The gold standard for breast cancer screening remains mammography. Mammography can show changes in breast tissue two years before it can be felt. This allows for early diagnoses and treatment, when breast cancer is most curable. Ultrasound cannot detect some of the very small changes that indicate early breast cancer. It is, however, an effective modality to be used in conjunction with mammography, when indicated.

- Cari Medeiros, BS RT(R)(M)

 

How Much Radiation Exposure Do I Get During A Mammogram?

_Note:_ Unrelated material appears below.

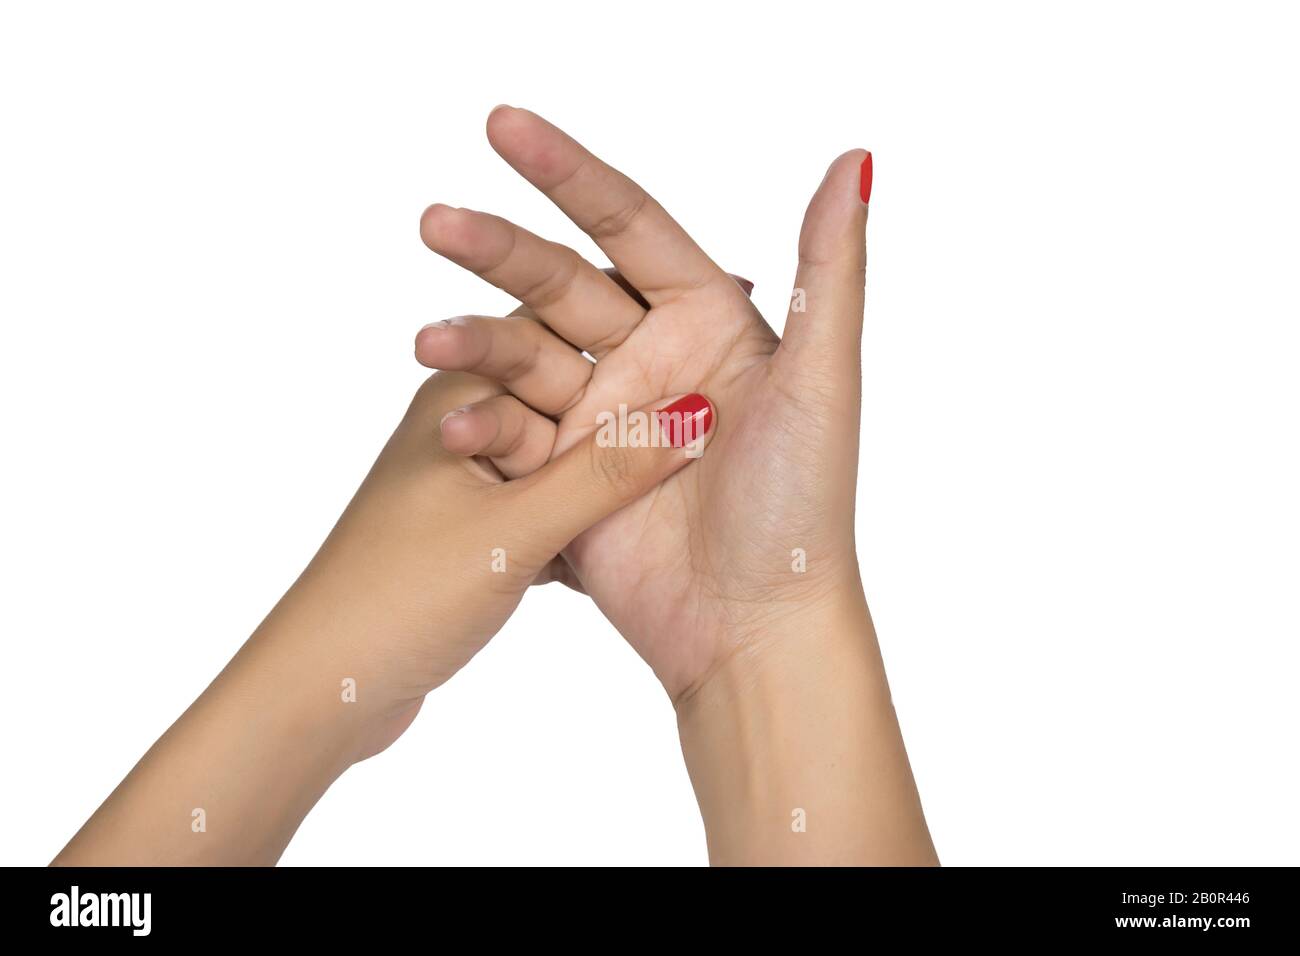 Mujer mano dedo con uña roja. Disparador manual bloqueo de dedo concepto sano fondo blanco Foto de stock

Some women may be concerned about the radiation dose received during a mammography examination. According to the National Cancer Institute, mammograms require very small doses of radiation. In fact, the radiation dose received during a routine screening mammography examination is 0.7mSV (the same approximate dose as 3 months of comparable natural background radiation exposure).

- Wendy Mickelsen, MHE, RT(R)(M)

 

Do Men Ever Get Breast Cancer?

Although male breast cancers are rare (less than 1% of breast cancers), the incidence rate has increased .8% annually from 1975 to 2008. It is not recommended that men participate in screening mammography, but self-breast exam is appropriate for both males and females.